Im Oktober 1824 wurde eine von Turleys Orgeln nach Frankenfelde geliefert. Die Dorfgemeinde empfing das Instrument, das für eine Dorfkirche mit 15 Registern ungewöhnlich vielstimmig war, mit großer Begeisterung. Die Orgel erzeugte eine klare Klangpyramide und wurde zur Orgelweihe von zahlreichen Gästen aus umliegenden Dörfern besucht. Die Kirche war festlich mit Blumen und Tannen geschmückt, konnte jedoch nicht alle Besucher fassen. (Angepasst aus: Arthur Jaenicke - Tobias Turley bäckt Semmeln und baut Orgeln, erschienen am 1. Januar 1963)
Der Zahn der Zeit
Trotz seiner Bedeutung und handwerklichen Güte geriet das Instrument fast in Vergessenheit. Lange Jahre wurde es nur notdürftig erhalten, zuletzt war es nicht mehr spielbar. An der Orgel wurden seit Turleys Zeiten kaum Veränderungen vorgenommen. Zum Glück, weil dadurch ihr besonderer Charakter erhalten blieb.
2017 war die Orgel schon seit Jahrzehnten nicht mehr spielbar gewesen. „Es muss dringend etwas an der Orgel gemacht werden. In zehn Jahren ist es zu spät“, mahnte damals Kreiskantor Peter Michael Seifried. Die Orgel sollte nun generalüberholt werden, damit dieses „Wunderwerk“, wie es im 19. Jahrhundert genannt wurde, wieder erklingt. Da es sich um ein wichtiges Orgeldenkmal handelt, hoffte man in Frankenfelde auf Fördermittel. Doch auch die Restkosten für die Restaurierung konnte die Gemeinde nicht allein tragen.
Turleys Plan vollendet
Ab November 2018 wurde die Orgel in der Karl Schuke Orgelbauwerkstatt GmbH in Berlin restauriert. Die erforderlichen 150.000 Euro waren durch Orgelpfeifenpatenschaften, Spenden und erhebliche Zuwendungen der Denkmalstiftung, der Stiftung Orgelklang, des Kulturministeriums Brandenburg, der Stadt Luckenwalde, der Mittelbrandenburgischen Sparkasse und der Volksbank Raiffeisenbank zusammengekommen. Die Interessengemeinschaft „Orgelfreunde“ fand sich zusammen und legte sich für den Erhalt der Turley-Orgel mächtig ins Zeug, rührte immer und immer wieder die Werbetrommel.
Das 16. Register (10 2/3‘ im Pedal) wurde erst im Zuge der im November 2018 begonnenen Generalsanierung eingebaut.
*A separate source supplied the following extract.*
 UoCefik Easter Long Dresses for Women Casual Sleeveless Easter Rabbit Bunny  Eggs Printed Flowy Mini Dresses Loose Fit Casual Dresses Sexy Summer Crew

Es gehörte bereits zu Turleys Plan. Er hatte dieses Register mit einer tief klingenden Quinte vorgesehen, um zusammen mit dem 16‘-Violon-Register die Illusion eines 32‘-Subbass-Registers zu erzeugen, für das in einer so kleinen Orgel oder Kirche natürlich kein Platz war. Warum der Einbau damals unterblieb, ist nicht überliefert. Nunmehr ist Turleys Plan jedenfalls vollendet. Im Herbst 2019 konnte die Orgel in Betrieb genommen werden, 2020 wurde sie wieder eingeweiht.
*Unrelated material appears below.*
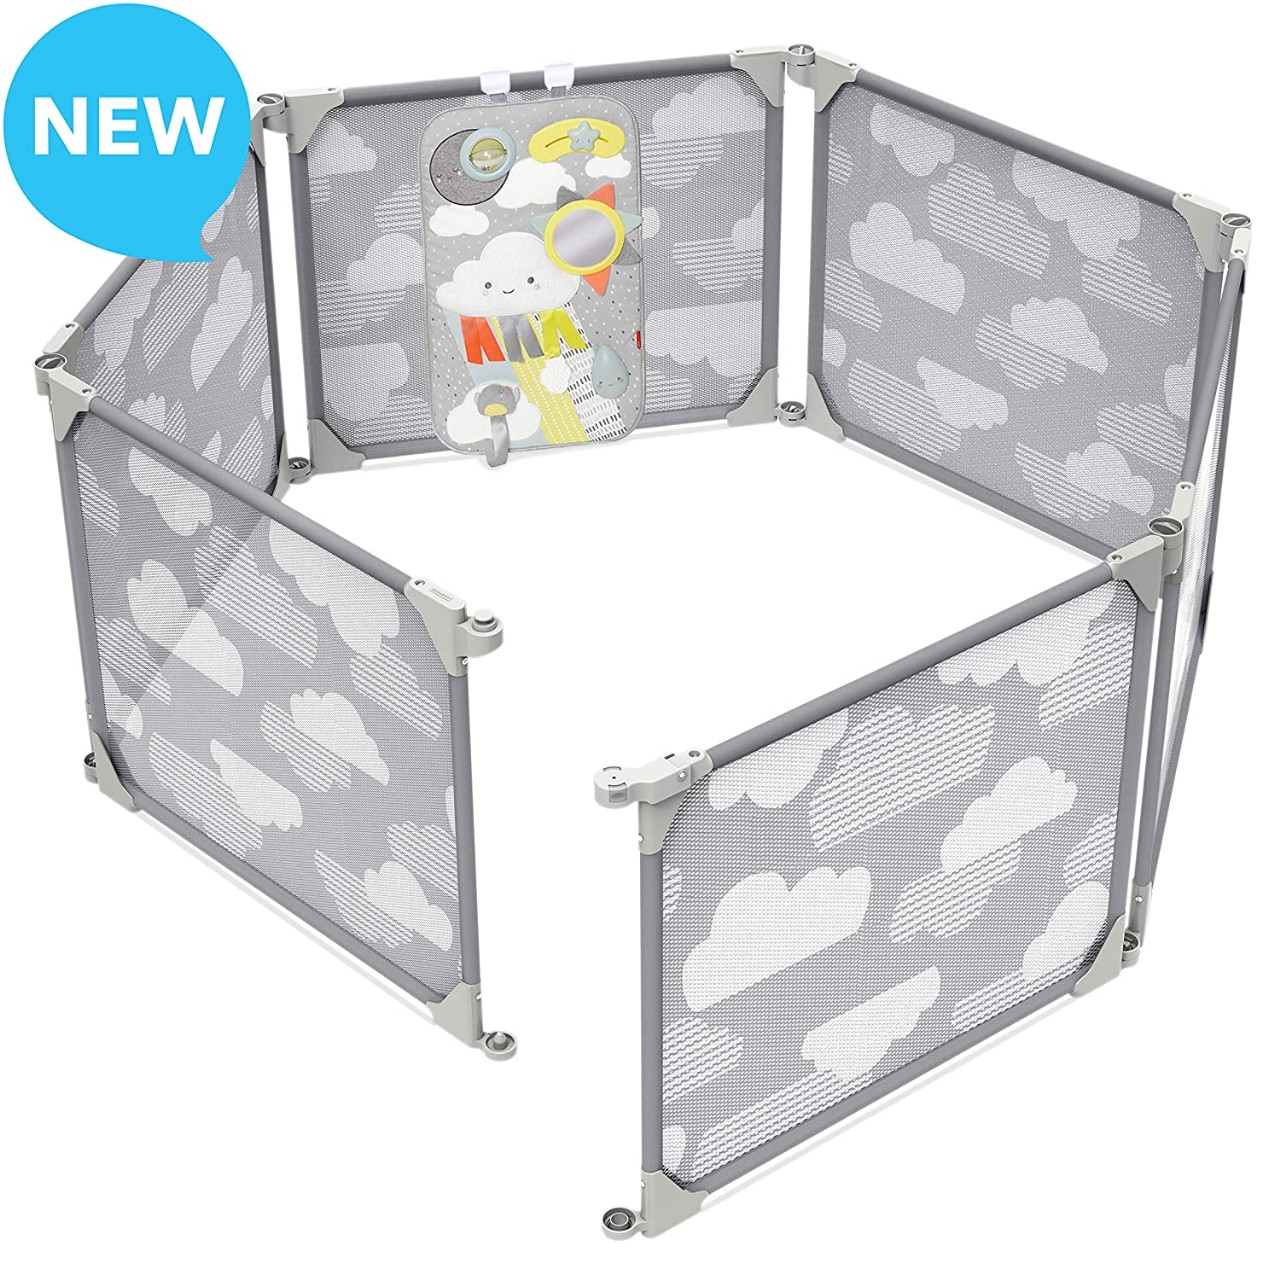 Skip Hop Baby Playpen: Expandable or Wall Mounted Play Yard with Clip-On Play Surface, Silver Lining

Kunst und Klänge in der Dorfkirche
Das 200-jährige Orgeljubiläum wird in diesem Jahr feierlich begangen. Am Sonntag, 26. Mai, findet ein Festgottesdienst mit Orgelspiel in der Dorfkirche Frankenfelde statt. Die Predigt hält Superintendentin Dr. Katrin Rudolph, die Liturgie von Pfarrer Steinker und das Orgelspiel von Hanna Maria Hüttner und Udo Wöhrmann. Beginn ist um 14 Uhr. Anschließend wird zu Kaffee und Kuchen eingeladen und Orgelbaumeister Rainer Nass von der Firma Schuke hält einen Vortrag zur Orgelrestaurierung. Kreiskantor Manuel Gera lädt zu einem Orgel-Improvisations-Konzert ein.
Weitere Veranstaltungen wie ein Orgeltheater, Festkonzerte und ein Orgel-Entdecker-Tag für Kinder sind geplant. Zum Klang der Turley-Orgel, ein Meisterwerk des Orgelbaus, sind Musikliebhaber zu den verschiedenen Höhepunkten eingeladen.